- **What the task asks**
Return each line exactly, beginning with the one that has "Asian Sauce Recipes" and finishing with the final line of the material. Drop any pictures.

··· Data

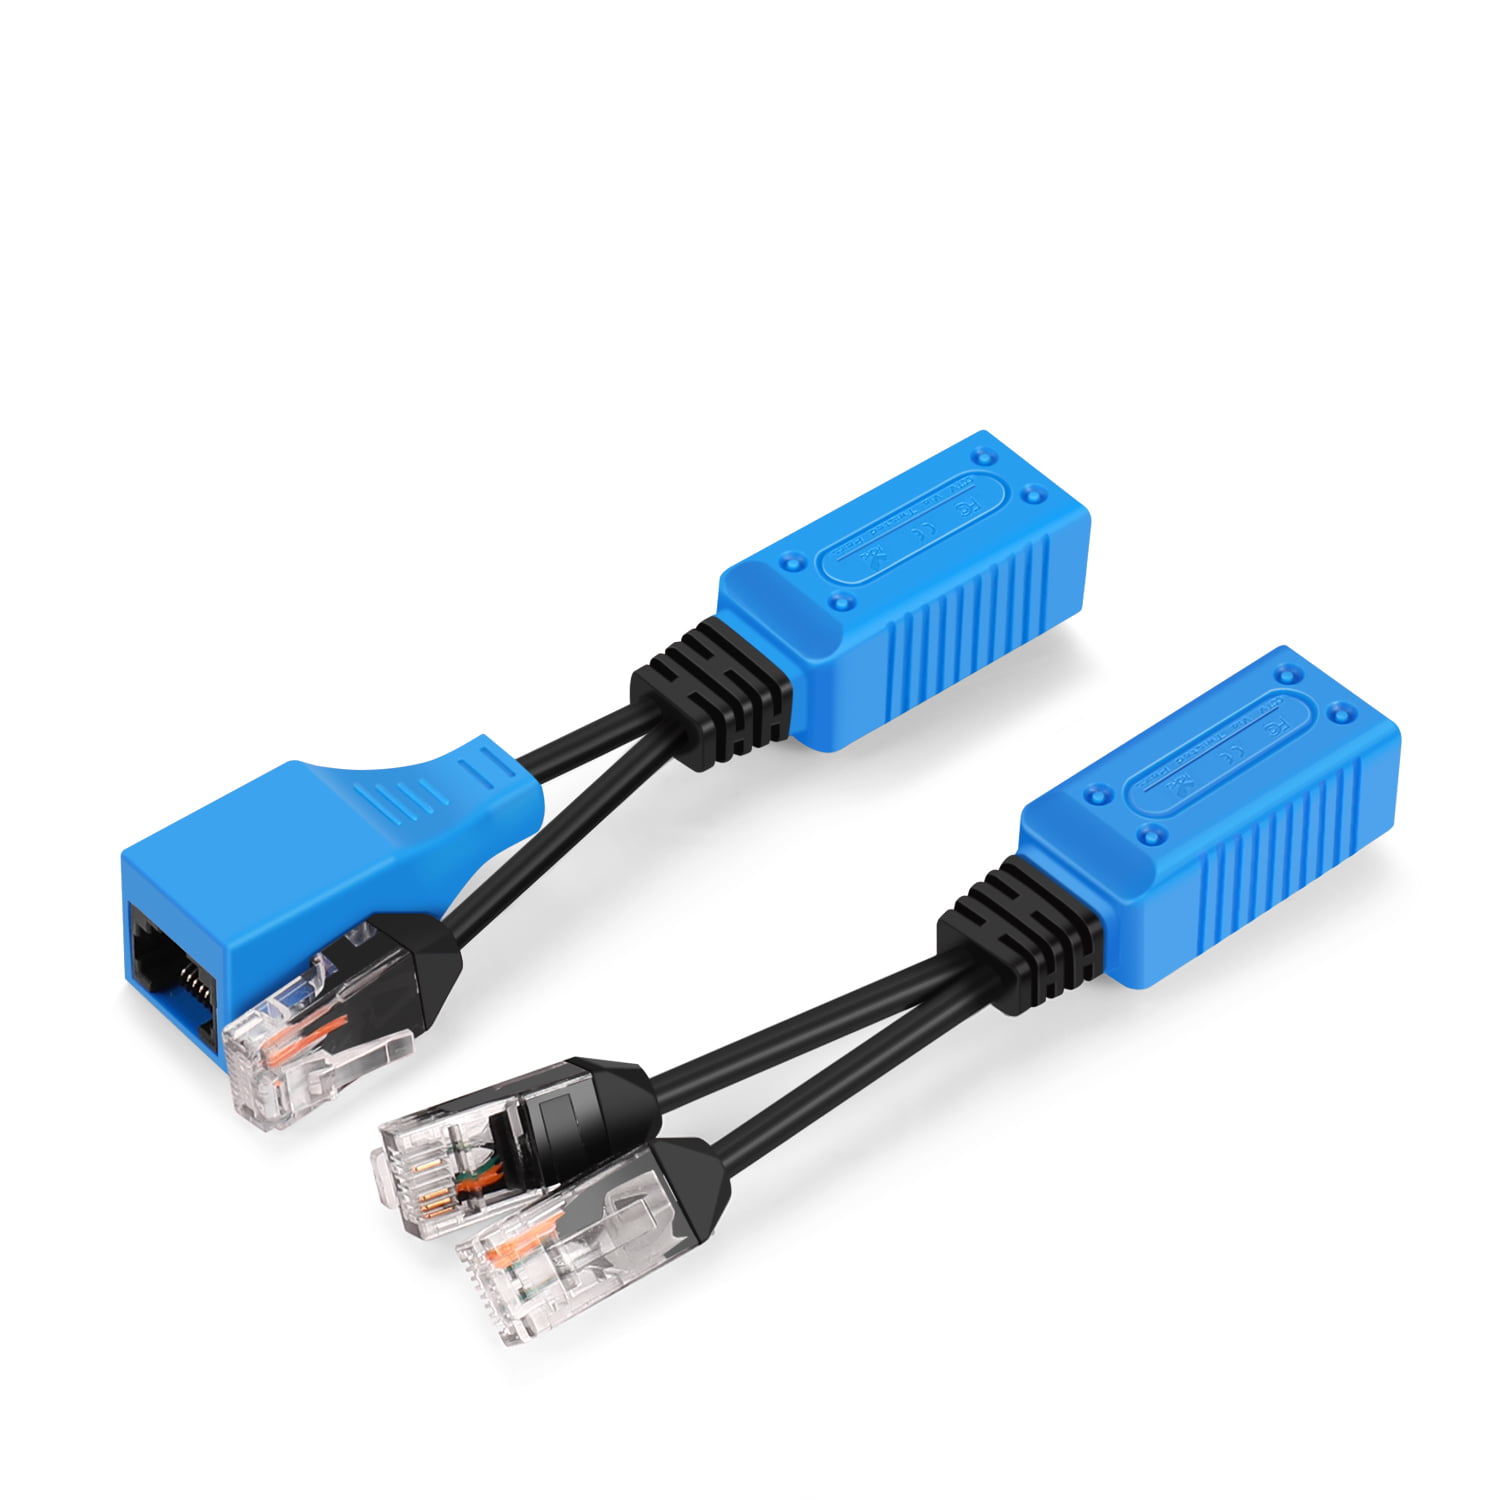 Liccx RJ45 Ethernet Splitter Cable,1 Male to 4 Female RJ45
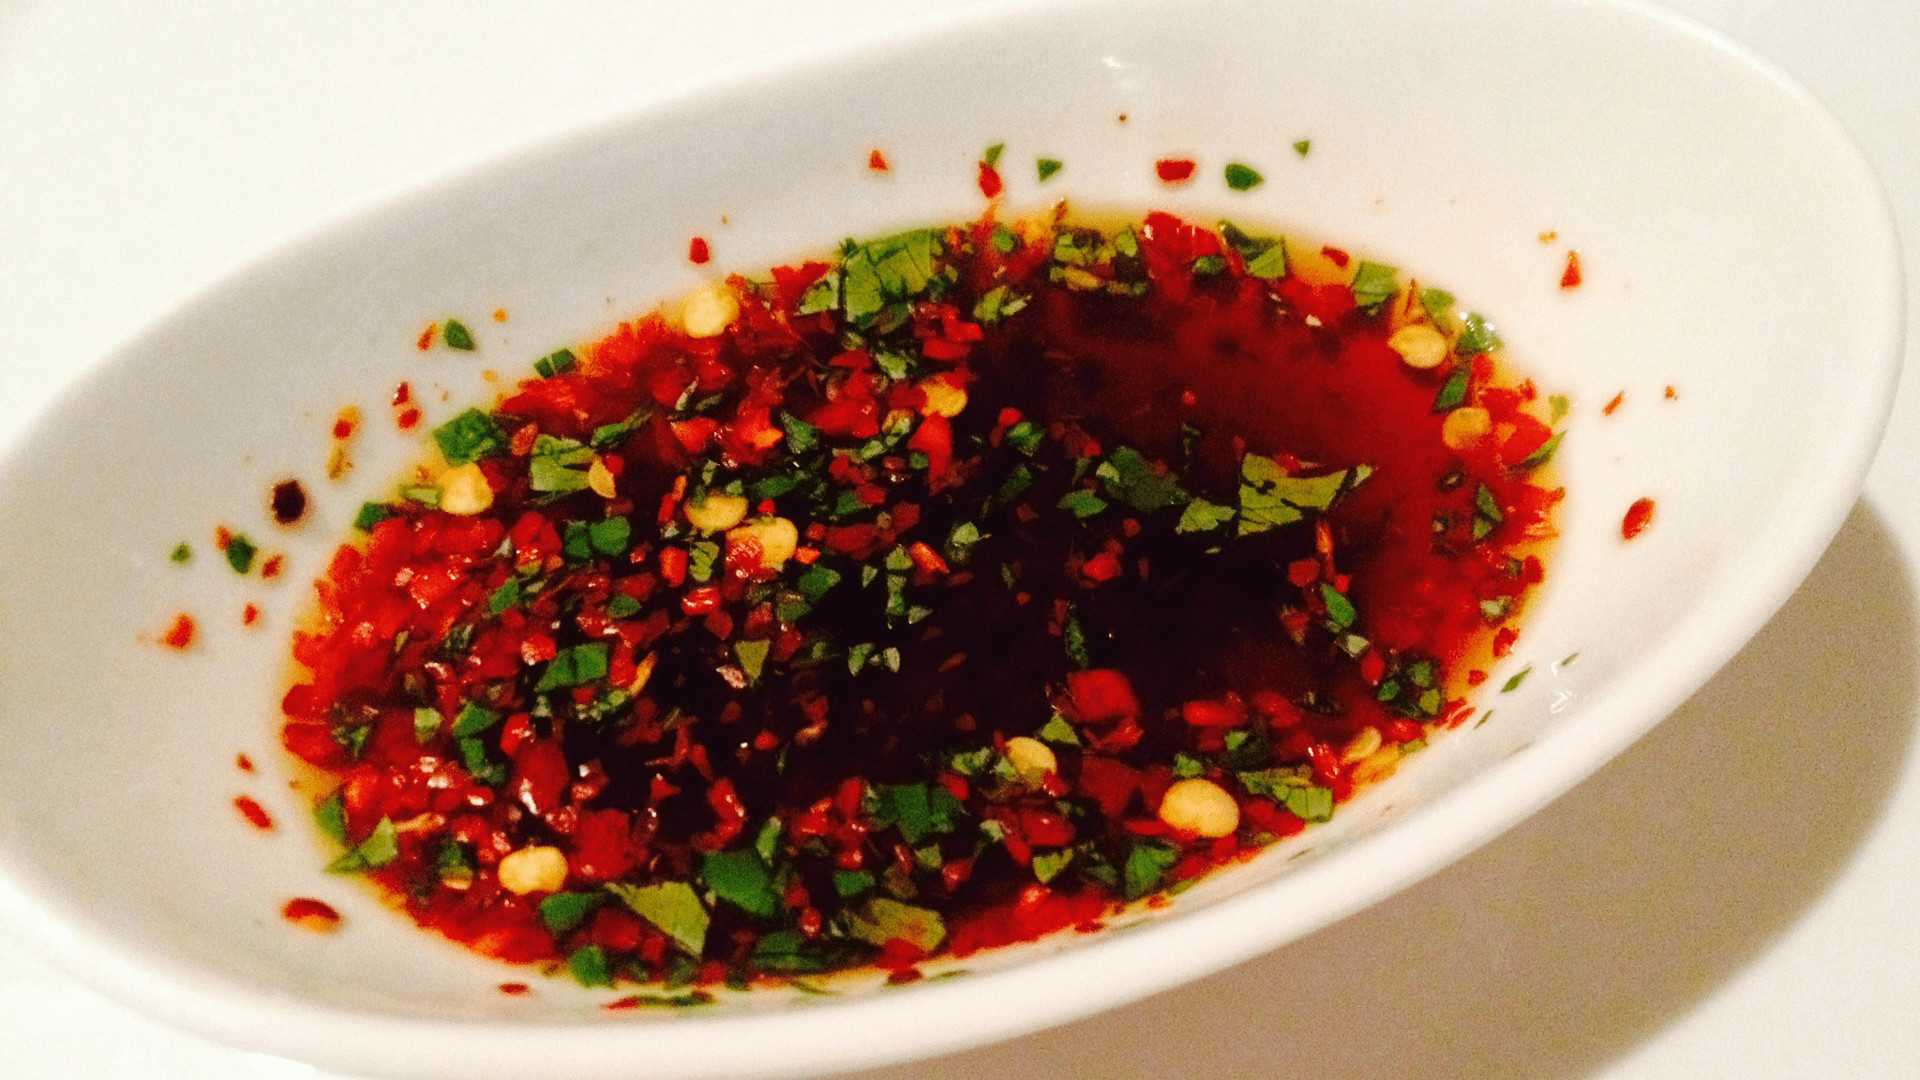 Asian Sauce Recipes
 Spicy Asian Dipping Sauce Free PD Recipe Protective Diet

······

- **Finished exercise**
 Asian Sauce Recipes
 Spicy Asian Dipping Sauce Free PD Recipe Protective Diet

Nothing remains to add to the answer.